> [RECORDS TO PROCESS]
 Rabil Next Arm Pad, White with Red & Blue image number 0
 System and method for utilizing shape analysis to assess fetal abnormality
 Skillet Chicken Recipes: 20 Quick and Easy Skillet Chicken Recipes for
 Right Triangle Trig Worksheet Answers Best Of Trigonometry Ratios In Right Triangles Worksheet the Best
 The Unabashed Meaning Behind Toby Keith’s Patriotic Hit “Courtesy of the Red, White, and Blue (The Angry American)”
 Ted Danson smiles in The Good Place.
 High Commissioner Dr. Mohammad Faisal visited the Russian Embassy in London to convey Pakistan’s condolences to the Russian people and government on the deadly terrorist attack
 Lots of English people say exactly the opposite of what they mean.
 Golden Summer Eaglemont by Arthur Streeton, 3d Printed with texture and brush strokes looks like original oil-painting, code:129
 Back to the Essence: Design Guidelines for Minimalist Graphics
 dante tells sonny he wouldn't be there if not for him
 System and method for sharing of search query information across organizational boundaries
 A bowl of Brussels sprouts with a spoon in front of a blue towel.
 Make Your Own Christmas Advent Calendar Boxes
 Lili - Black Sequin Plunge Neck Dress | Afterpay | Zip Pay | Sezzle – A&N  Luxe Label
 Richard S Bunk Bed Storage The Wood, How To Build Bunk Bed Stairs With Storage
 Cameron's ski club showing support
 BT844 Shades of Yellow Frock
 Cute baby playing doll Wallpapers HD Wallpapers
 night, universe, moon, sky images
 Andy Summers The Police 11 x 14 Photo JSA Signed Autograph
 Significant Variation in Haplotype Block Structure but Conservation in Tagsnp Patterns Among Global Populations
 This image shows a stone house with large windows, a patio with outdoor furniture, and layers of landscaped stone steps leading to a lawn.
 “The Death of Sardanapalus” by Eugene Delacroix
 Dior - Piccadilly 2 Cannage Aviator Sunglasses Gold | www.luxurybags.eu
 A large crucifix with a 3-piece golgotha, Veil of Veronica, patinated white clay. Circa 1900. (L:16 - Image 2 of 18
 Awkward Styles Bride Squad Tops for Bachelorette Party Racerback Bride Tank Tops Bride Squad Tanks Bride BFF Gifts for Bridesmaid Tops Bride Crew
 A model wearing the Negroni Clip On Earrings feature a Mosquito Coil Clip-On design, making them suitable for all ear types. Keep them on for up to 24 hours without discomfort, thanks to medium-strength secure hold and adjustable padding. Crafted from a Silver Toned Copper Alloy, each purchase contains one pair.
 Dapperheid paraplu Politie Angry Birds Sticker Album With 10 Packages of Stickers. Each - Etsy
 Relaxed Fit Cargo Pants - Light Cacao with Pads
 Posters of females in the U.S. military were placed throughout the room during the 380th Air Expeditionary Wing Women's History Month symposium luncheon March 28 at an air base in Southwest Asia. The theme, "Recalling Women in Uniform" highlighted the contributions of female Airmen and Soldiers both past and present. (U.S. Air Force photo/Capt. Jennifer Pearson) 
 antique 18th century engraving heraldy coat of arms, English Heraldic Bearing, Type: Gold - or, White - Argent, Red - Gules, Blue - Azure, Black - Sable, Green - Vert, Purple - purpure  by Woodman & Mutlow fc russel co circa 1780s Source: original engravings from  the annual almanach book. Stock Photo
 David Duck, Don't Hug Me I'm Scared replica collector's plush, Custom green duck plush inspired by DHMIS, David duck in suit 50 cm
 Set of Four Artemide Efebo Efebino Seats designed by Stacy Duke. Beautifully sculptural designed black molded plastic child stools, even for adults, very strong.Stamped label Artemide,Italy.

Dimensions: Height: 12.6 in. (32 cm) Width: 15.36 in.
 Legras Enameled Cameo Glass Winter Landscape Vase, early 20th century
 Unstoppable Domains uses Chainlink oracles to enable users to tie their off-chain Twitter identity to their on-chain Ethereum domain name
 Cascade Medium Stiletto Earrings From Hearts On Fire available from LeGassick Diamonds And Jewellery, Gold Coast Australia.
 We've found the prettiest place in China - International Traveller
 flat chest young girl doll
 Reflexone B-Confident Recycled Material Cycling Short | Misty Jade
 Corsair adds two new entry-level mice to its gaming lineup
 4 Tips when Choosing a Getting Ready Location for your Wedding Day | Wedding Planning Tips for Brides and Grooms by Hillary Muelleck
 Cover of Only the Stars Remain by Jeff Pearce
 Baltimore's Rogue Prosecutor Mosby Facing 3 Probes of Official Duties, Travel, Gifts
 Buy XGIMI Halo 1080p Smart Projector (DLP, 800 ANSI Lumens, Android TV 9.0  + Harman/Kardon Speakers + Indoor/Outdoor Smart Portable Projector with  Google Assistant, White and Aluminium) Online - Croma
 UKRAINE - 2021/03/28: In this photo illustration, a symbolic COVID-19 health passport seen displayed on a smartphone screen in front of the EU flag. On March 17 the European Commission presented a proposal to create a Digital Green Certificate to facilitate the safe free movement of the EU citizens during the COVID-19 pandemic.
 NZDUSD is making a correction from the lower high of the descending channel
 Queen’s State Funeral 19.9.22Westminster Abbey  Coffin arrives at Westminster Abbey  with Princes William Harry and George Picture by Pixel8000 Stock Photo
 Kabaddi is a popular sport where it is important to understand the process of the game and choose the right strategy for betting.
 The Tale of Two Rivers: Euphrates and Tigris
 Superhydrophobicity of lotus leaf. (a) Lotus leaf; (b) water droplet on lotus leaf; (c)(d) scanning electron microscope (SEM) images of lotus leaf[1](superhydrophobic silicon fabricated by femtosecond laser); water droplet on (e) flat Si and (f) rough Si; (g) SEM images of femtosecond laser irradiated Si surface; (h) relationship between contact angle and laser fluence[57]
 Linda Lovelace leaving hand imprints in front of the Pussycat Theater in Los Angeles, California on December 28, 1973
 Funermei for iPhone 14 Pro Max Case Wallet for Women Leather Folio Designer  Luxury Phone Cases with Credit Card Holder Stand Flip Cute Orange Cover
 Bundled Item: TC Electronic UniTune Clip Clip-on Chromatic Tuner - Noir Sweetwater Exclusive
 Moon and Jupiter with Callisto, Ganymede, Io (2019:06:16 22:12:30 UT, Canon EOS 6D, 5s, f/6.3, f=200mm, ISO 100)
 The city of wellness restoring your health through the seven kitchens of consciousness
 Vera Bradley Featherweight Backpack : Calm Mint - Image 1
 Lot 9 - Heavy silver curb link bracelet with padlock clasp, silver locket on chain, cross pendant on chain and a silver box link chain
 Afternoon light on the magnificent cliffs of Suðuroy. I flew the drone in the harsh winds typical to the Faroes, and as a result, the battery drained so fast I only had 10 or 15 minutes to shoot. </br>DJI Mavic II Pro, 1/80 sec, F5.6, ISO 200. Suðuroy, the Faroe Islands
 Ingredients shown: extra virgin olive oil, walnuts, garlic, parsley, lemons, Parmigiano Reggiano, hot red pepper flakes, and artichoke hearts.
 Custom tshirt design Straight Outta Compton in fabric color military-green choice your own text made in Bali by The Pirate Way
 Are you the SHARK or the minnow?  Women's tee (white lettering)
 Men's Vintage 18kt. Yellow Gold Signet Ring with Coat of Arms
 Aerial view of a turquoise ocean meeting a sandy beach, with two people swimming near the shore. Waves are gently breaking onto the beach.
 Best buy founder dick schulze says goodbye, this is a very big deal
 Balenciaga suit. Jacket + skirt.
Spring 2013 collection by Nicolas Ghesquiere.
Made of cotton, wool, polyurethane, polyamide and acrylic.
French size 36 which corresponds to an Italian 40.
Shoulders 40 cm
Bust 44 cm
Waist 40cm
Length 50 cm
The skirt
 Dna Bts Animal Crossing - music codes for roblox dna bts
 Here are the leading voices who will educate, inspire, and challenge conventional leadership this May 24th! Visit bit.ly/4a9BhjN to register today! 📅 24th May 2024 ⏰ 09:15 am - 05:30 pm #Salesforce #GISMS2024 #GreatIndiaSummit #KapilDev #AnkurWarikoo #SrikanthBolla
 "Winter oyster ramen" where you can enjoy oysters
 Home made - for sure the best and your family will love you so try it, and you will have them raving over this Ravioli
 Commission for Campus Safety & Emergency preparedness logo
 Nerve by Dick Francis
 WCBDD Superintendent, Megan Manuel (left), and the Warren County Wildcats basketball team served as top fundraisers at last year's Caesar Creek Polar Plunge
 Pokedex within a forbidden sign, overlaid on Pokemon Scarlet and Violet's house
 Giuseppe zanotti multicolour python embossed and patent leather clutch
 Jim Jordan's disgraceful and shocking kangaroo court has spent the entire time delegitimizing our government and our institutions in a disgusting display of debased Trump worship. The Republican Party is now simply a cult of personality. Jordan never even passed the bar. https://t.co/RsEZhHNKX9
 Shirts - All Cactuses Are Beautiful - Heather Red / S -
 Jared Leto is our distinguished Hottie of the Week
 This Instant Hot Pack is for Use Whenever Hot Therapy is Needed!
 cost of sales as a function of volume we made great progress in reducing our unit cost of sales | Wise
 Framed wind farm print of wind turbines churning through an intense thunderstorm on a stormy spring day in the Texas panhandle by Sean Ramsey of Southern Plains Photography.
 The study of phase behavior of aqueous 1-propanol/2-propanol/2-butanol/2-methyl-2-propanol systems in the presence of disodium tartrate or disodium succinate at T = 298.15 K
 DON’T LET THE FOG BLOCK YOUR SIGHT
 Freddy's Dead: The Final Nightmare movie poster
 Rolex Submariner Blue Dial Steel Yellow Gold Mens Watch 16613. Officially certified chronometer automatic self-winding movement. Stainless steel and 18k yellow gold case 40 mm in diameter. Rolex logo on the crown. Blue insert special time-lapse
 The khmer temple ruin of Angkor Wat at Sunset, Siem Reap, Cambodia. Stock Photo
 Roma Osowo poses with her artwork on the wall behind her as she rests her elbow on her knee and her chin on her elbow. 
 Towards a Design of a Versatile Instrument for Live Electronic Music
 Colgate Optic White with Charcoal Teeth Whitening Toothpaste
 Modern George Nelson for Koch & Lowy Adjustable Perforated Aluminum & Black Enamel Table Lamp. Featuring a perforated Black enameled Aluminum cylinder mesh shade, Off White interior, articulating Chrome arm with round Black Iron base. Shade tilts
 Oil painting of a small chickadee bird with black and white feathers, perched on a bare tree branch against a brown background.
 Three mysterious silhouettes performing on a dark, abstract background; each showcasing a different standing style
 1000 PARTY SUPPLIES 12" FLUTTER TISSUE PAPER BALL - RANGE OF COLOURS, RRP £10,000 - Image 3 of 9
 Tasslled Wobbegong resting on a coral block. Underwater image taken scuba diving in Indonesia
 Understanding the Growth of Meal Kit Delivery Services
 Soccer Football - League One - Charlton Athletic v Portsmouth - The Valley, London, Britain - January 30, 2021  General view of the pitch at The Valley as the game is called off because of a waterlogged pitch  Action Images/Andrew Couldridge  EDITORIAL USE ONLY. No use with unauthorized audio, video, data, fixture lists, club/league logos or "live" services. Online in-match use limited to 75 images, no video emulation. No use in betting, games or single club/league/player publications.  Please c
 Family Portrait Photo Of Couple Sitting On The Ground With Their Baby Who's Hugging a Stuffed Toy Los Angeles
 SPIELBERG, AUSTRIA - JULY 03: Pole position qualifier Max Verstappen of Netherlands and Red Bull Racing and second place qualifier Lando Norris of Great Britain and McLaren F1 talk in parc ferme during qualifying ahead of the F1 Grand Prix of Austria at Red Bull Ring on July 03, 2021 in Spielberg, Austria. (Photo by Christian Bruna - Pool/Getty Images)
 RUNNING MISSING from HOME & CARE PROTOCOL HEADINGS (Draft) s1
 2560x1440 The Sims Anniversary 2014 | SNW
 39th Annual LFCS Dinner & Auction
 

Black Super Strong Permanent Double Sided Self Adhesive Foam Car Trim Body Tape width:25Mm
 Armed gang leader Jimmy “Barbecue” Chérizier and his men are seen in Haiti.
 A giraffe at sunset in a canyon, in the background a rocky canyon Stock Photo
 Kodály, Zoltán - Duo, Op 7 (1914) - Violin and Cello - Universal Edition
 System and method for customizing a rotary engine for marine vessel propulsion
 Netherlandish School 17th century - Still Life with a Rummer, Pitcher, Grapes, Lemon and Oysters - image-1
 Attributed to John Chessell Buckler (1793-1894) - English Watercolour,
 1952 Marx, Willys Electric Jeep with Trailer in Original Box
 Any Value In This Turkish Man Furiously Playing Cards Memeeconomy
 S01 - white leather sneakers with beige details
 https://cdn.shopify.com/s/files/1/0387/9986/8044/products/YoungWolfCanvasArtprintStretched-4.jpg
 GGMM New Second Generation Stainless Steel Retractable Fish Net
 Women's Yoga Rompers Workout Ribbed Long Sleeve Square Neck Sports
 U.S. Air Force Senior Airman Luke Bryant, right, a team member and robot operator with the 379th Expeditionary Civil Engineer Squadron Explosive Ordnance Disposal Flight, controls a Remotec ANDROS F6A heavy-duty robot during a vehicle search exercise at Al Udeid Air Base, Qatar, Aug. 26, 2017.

> [YOUR TASK] Reproduce exactly, and with no other material, the lines between those holding "Lot 9 - Heavy" and "Custom tshirt design", inclusive.

> [COMPLETED TASK]
 Lot 9 - Heavy silver curb link bracelet with padlock clasp, silver locket on chain, cross pendant on chain and a silver box link chain
 Afternoon light on the magnificent cliffs of Suðuroy. I flew the drone in the harsh winds typical to the Faroes, and as a result, the battery drained so fast I only had 10 or 15 minutes to shoot. </br>DJI Mavic II Pro, 1/80 sec, F5.6, ISO 200. Suðuroy, the Faroe Islands
 Ingredients shown: extra virgin olive oil, walnuts, garlic, parsley, lemons, Parmigiano Reggiano, hot red pepper flakes, and artichoke hearts.
 Custom tshirt design Straight Outta Compton in fabric color military-green choice your own text made in Bali by The Pirate Way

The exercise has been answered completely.